Afterwards, I unchecked that box and restarted Hercules and z/OS. After a while, I put the PC to sleep. When it restarted, I didn't get any 22 errors, but the adapter stopped working. Apparently the suspend introduces some problem. Anyway, I set my PC to never sleeps, so I think we are okay unless you want another test.

Fish-Git commented 2 years ago

Hi I ran the test and got your trace:

Unfortunately, your .zip file is completely empty. It contains .... nothing. No files at all.

cfdonatucci commented 2 years ago

Try this one:

Fish-Git commented 2 years ago

Try this one:

Wow. I wasn't expecting that. Not very helpful at all, but not your fault of course.

It looks like Windows's re-initialization of the network adapter upon resume after suspension ends up killing Hercules's guest's virtual network adapter.

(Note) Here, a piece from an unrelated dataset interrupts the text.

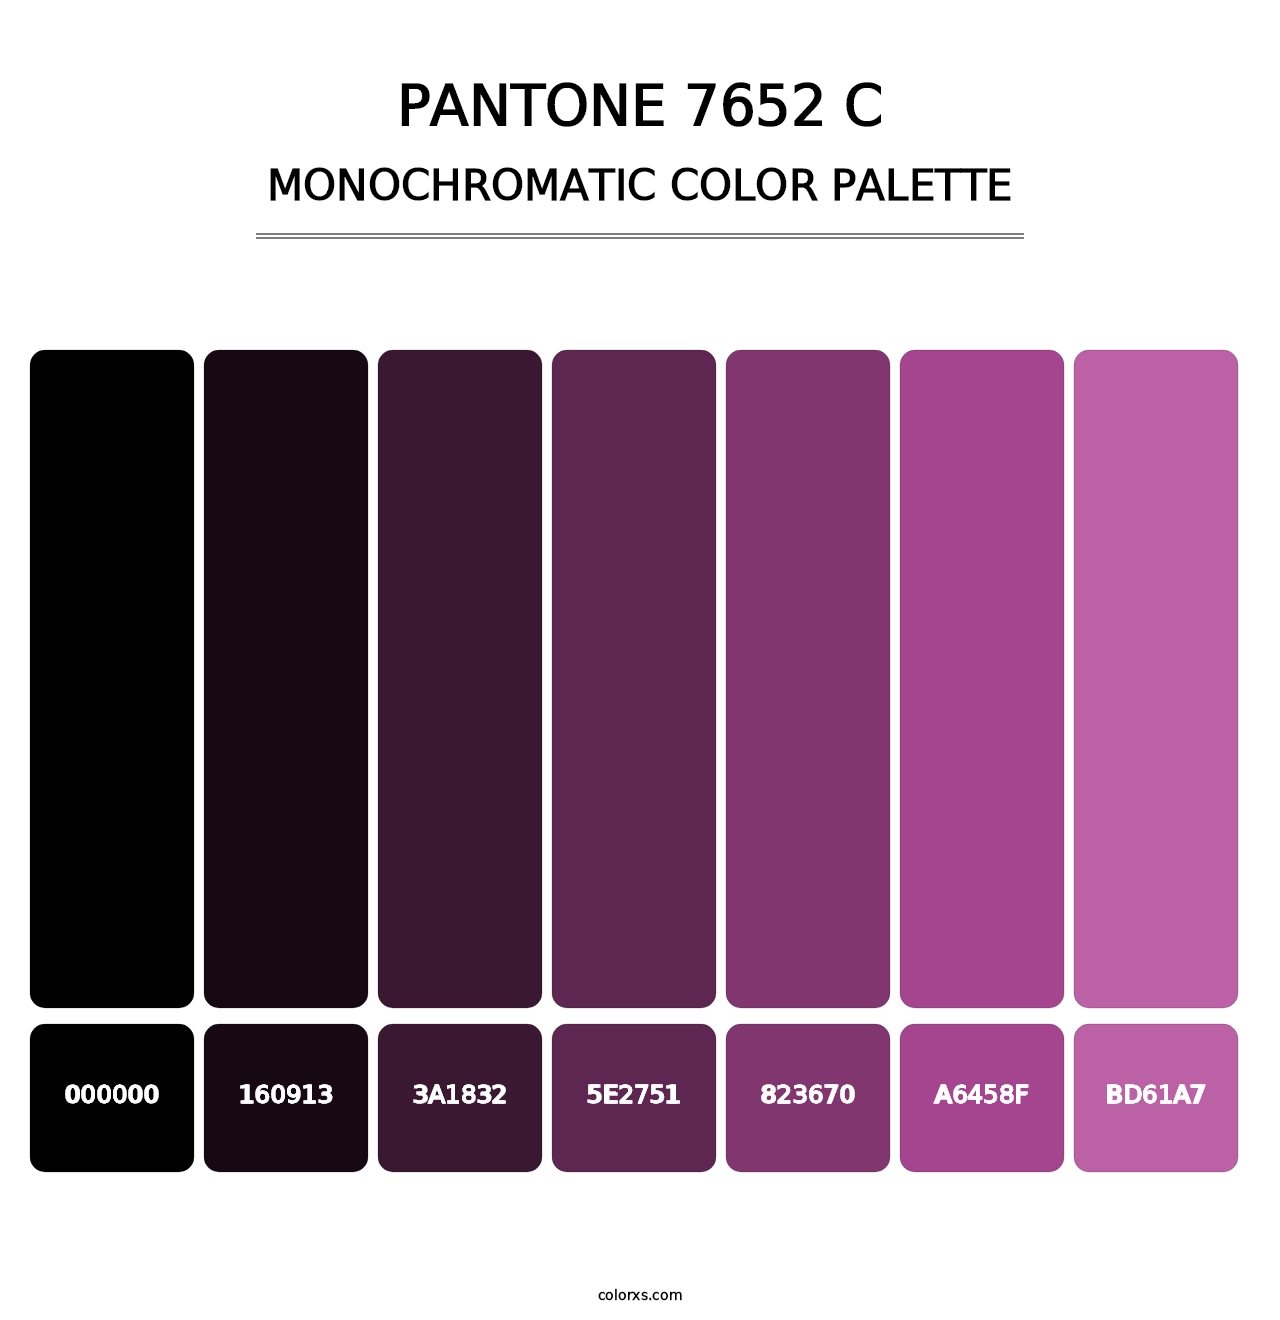 PANTONE 7652 C - Monochromatic Color Palette

I'm guessing that CTCI-WIN's WinPCap sniffing/injection hook on Windows's real physical adapter ends up being invalidated/removed/rendered inaccessible resulting in a permanent loss of connectivity between Hercules (CTCI-WIN/WinPCap) and the adapter. Most unfortunate.

So it looks like setting one's PC to never sleep (which you have already done) is the only solution available to us. There doesn't appear to be any way for us (Hercules/CTCI-WIN/WinPCap) to recover from this.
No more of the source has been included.